We maintain multiple automated protection systems that run every time the site is rebuilt:
Protected victim names — Names on our protected list are automatically replaced with
"[Victim Name Redacted]" across all auto-generated pages (document previews, people pages, deposition transcripts,
YouTube transcripts, Skype messages).
Protected family member names — Family members of survivors receive the same name redaction.
PII pattern detection — Email addresses, phone numbers, Social Security numbers, passport references,
and dates of birth are automatically detected and redacted from document text previews, transcript segments,
and people page snippets.
Survivor face images — Known survivor face images are censored (displayed as black boxes)
and the image files are permanently deleted from our servers.
Minor/child images — Images identified as depicting minors are censored and deleted.
Face recognition exclusion — Our facial recognition system is configured to never identify or label
survivor faces, even when their images appear in source documents.
How to Request Content Removal
Email us:
To help us act quickly, please include as much of the following as possible:
The EFTA ID or page URL where the exposure appears
The type of content to remove (name, photo, passport, contact details, email, etc.)
The page number within the document, if applicable
You do not need to:
Prove your identity
Prove you are a survivor
Provide private information about yourself
Explain the nature of your involvement
Third-party reports on behalf of survivors are equally welcome. You may report content
exposure you have identified even if it does not involve you personally.
What We Will Remove
Tier 1 — Immediate removal (no verification needed)

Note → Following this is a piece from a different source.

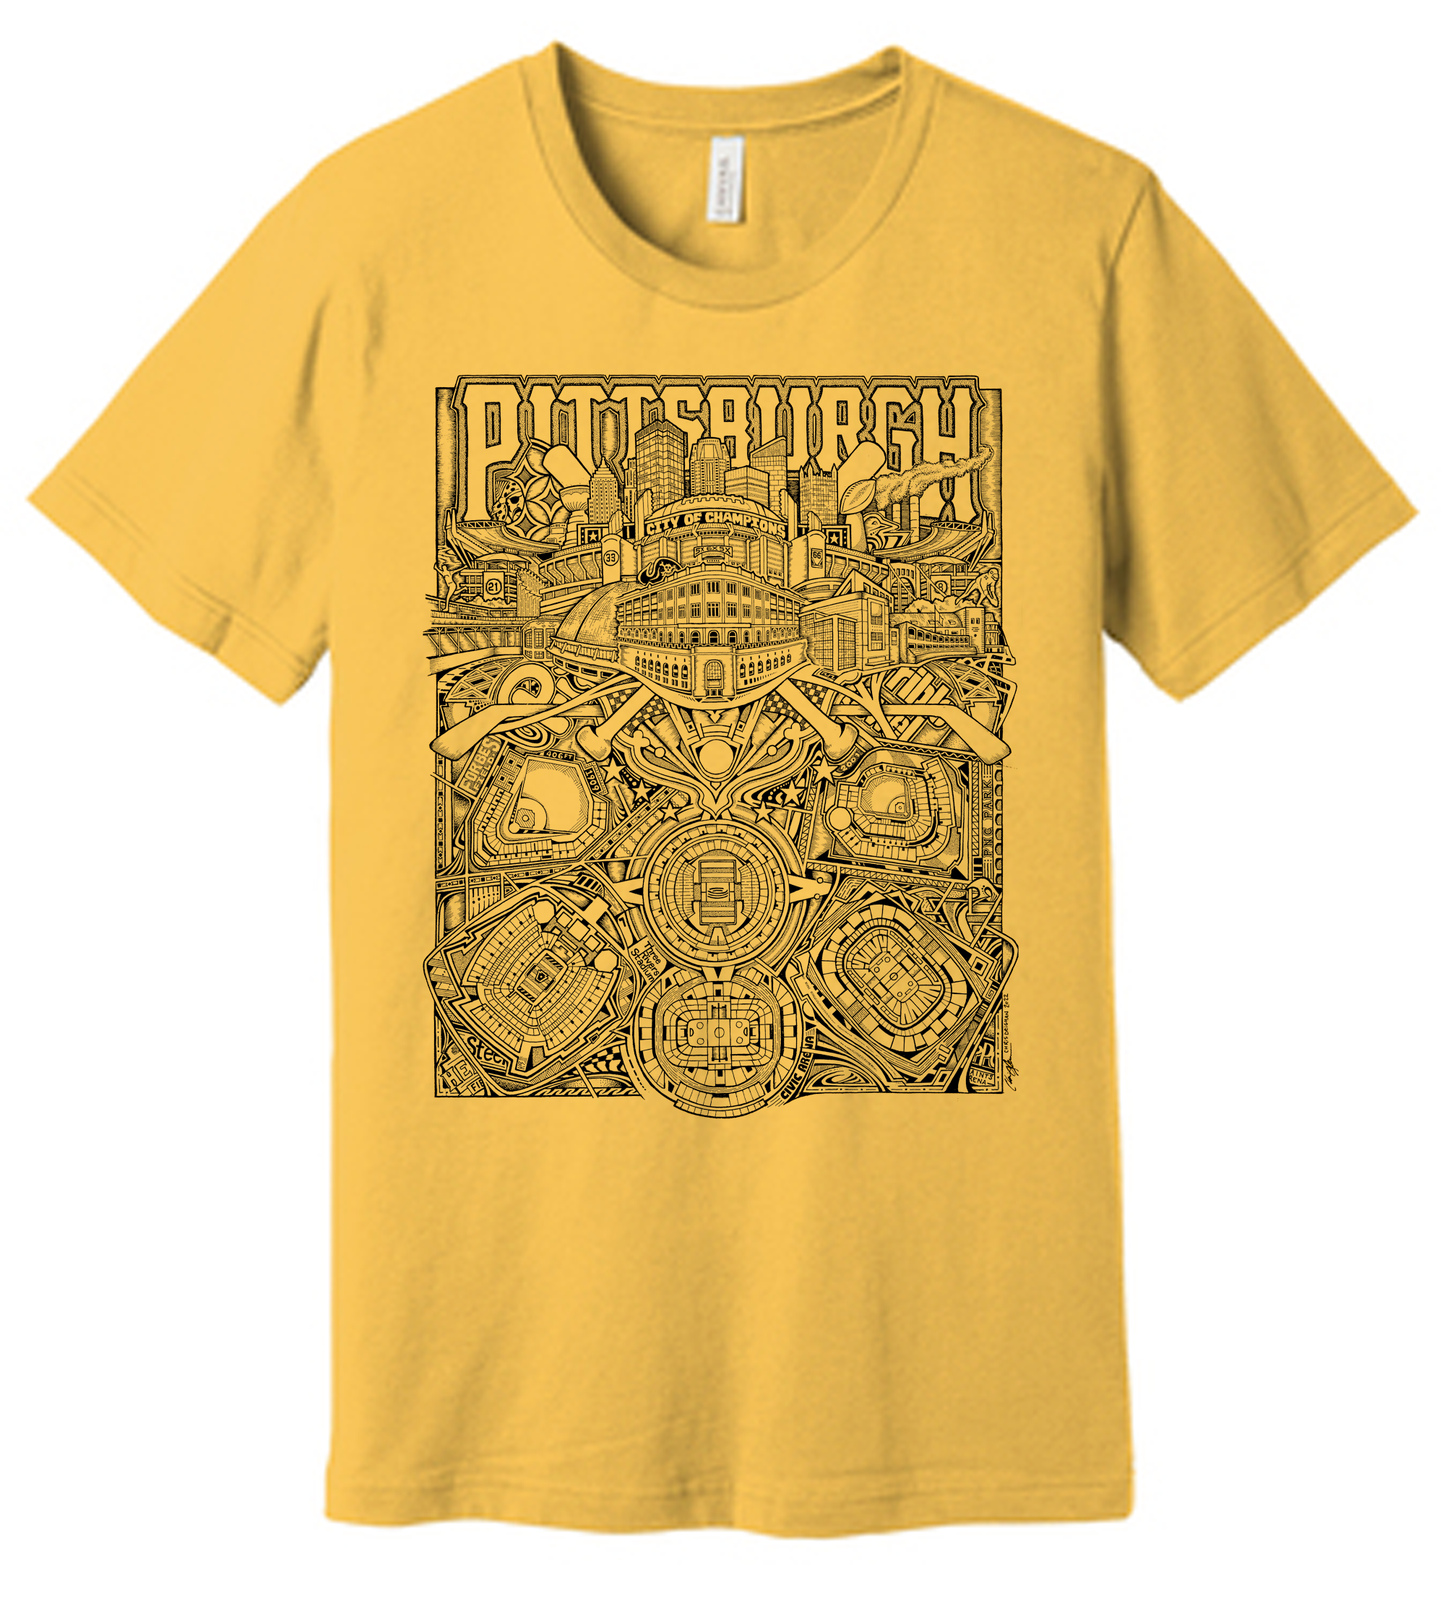 Pittsburgh City of Champions Shirt Yellow

The following content types are always removed upon request, without verification:
Personal identifying information (PII) — email addresses, phone numbers, physical addresses,
passport information, Social Security numbers, dates of birth
Images of minors — any image identified as depicting a minor
Images of survivors who have not voluntarily gone public — face images, body images,
personal photos
Family member information — names, photos, and contact details of survivor family members
Tier 2 — Name redaction (basic corpus check)
Requests to redact a person's name from all auto-generated text on the site require a brief internal review:
We check whether the name appears in victim context in the EFTA corpus
(FBI victim lists, abuse testimony, recruitment-related documents)
If victim context is found, the name is added to our protected list immediately
If the requestor provides a Jane Doe docket number from related proceedings,
that is also sufficient
What We Will Not Remove
To preserve the public accountability function of these records, we do not remove:
Documentary evidence of perpetrator conduct — flight logs, financial records,
staff communications, business correspondence
Investigative findings backed by EFTA source documents
Publicly filed court documents from CourtListener/RECAP
Congressional deposition records
Information about individuals who appear exclusively in perpetrator,
associate, or staff contexts
This distinction is critical: removing PII protects privacy without hiding evidence.
An email address or passport number is never proof of a crime. A flight log or financial transfer record may be.
How We Verify Without Requiring Private Information
We understand that requiring survivors to prove their victimhood is itself harmful.
Our verification process is designed to prevent abuse of the takedown system without
burdening legitimate requestors:
Tier 1 requests (PII, images) are processed without any verification.
Removing someone's email address or phone number from a page can never hide evidence of criminal conduct.
Tier 2 requests (name redaction) are verified against our corpus:
we check whether the name appears in documents related to victimization
(FBI victim lists, abuse testimony, recruitment records). This check is internal —
we do not ask the requestor for any information beyond the name itself.
Ambiguous cases default to protection. If someone's role in the corpus
is genuinely unclear, we err on the side of redacting the name. This can always be
reversed later if new information emerges.
Anti-Abuse Protections
We are aware that bad actors may attempt to use takedown requests to hide evidence
of their involvement. Our safeguards:
PII removal is separate from evidence removal. We will always remove
a person's phone number or email address. We will never remove a finding that
documents their conduct.
Corpus context check. For name redaction requests, we check whether the
name appears in victim context (FBI victim lists, abuse testimony) versus perpetrator
context (flight logs, staff lists, financial records). Names appearing exclusively in
perpetrator/associate context are not eligible for victim-style redaction.
Evidence is never removed. Regardless of who makes the request,
investigative findings backed by EFTA source documents are preserved.
All takedown decisions are logged internally for accountability.